They Left Teaching in Search of a Better Life. Did They Find It?

Teaching and Learning

They Left Teaching in Search of a Better Life. Did They Find It?

By Emily Tate Sullivan     Apr 11, 2023

They Left Teaching in Search of a Better Life. Did They Find It?

The breaking point for Julie Sherlock was a literal one.

The elementary music teacher was burned out and so very tired, following years of feeling increasingly overburdened and bulldozed by students and administrators alike. But it wasn’t until she broke her leg last spring that she knew it was time to call it quits.

Sherlock was walking down the school hallway, carrying her heated-up lunch back to her classroom to eat, when a student called out to her with a question. The teacher, then 61 years old, turned to respond and wound up on the ground.

“I said, ‘This is it. I can’t do this anymore,’” Sherlock recalls about that clarifying moment and the many difficult weeks that followed, traversing school hallways and hauling around musical instruments on crutches.

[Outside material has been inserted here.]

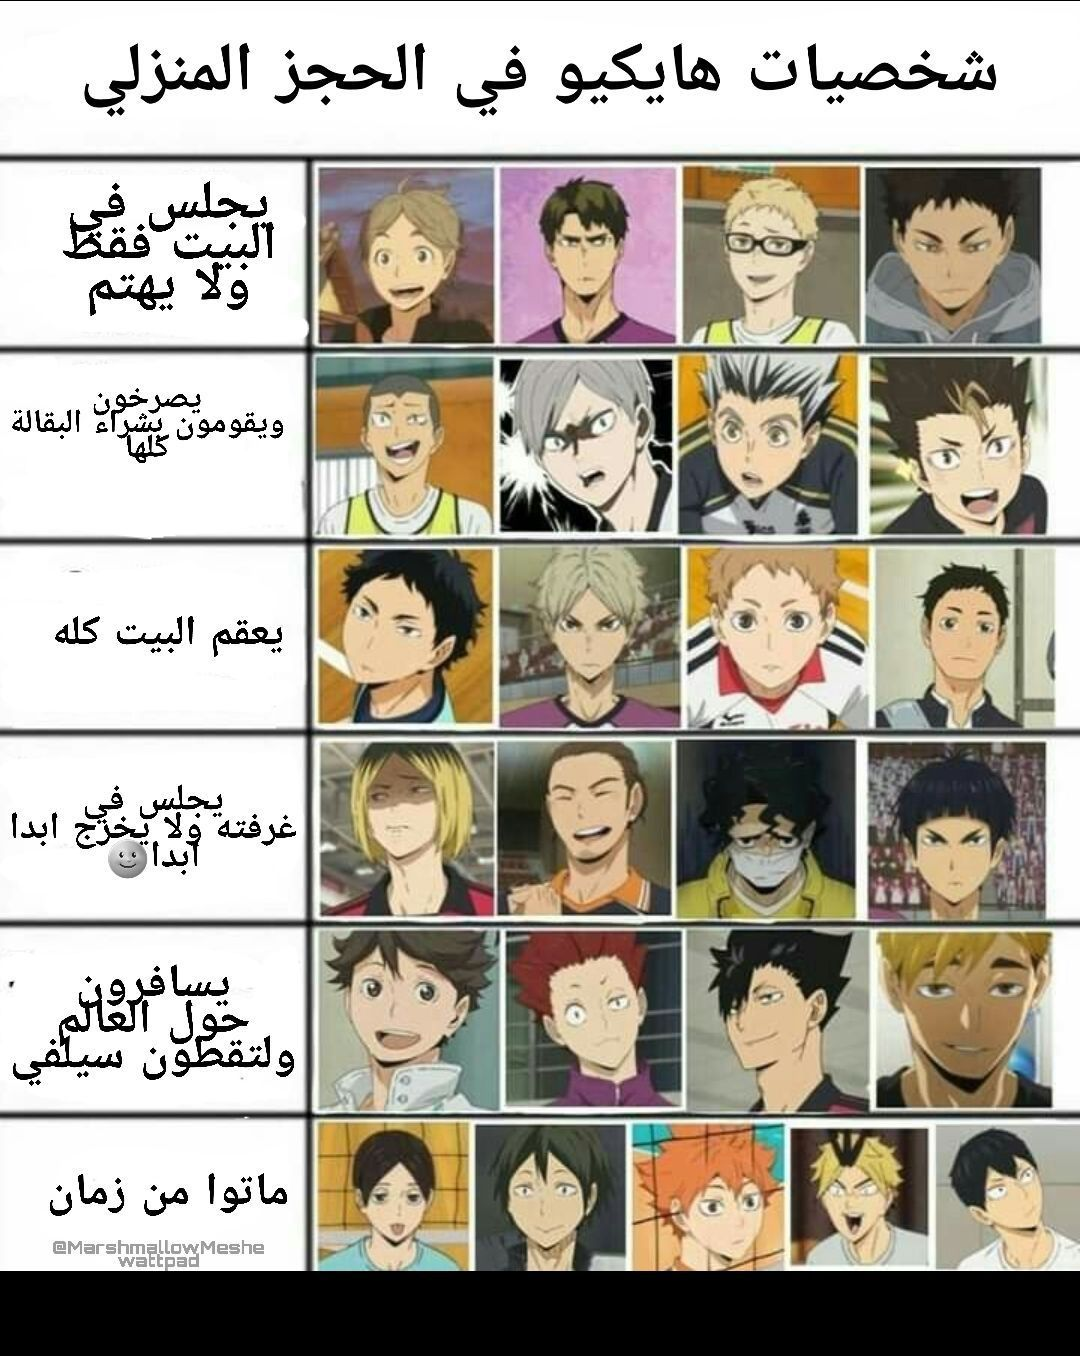 Aiimye Tniigѕ محادثات شخصيات الانمي Anime Jokes Anime Funny Otaku Funny

She meant it, too. That was Sherlock’s last year in the classroom. Several months after her injury, in August 2022, she started a new job as a grants coordinator for a community mental health agency in Northern Michigan, where she lives.

“I knew I had a lot of good, productive years still in me, but that I couldn’t do it teaching,” says Sherlock, now 62.

It’s a sentiment shared by many teachers, at a time when adequately staffing classrooms is already a challenge: Tens of thousands of teaching positions sit vacant this school year, and multiples more are filled by “underqualified” educators.

In January 2022, a National Education Association survey found that 55 percent of educators were thinking of leaving the profession earlier than planned, nearly double the number of teachers who said the same in July 2020. The next month, a Gallup poll revealed that K-12 staff suffer higher burnout rates than any other segment of the U.S. labor force, at 44 percent.

Most educators have not left, and many never will. But some are following through; they’re walking out of their classrooms and away from the careers they thought they’d have for life.

Then what?

To find out what happens after teachers put in their notice, as they transition into their next acts, EdSurge talked with six former classroom teachers who resigned at the end of the last school year, after that NEA survey was conducted. Is life on the other side everything they hoped and expected — and are they happy now?

‘Unsustainable’ Asks

Why teachers leave has been well-documented, including by EdSurge. It comes down to feeling underpaid, underappreciated and undersupported while being overworked and overwhelmed.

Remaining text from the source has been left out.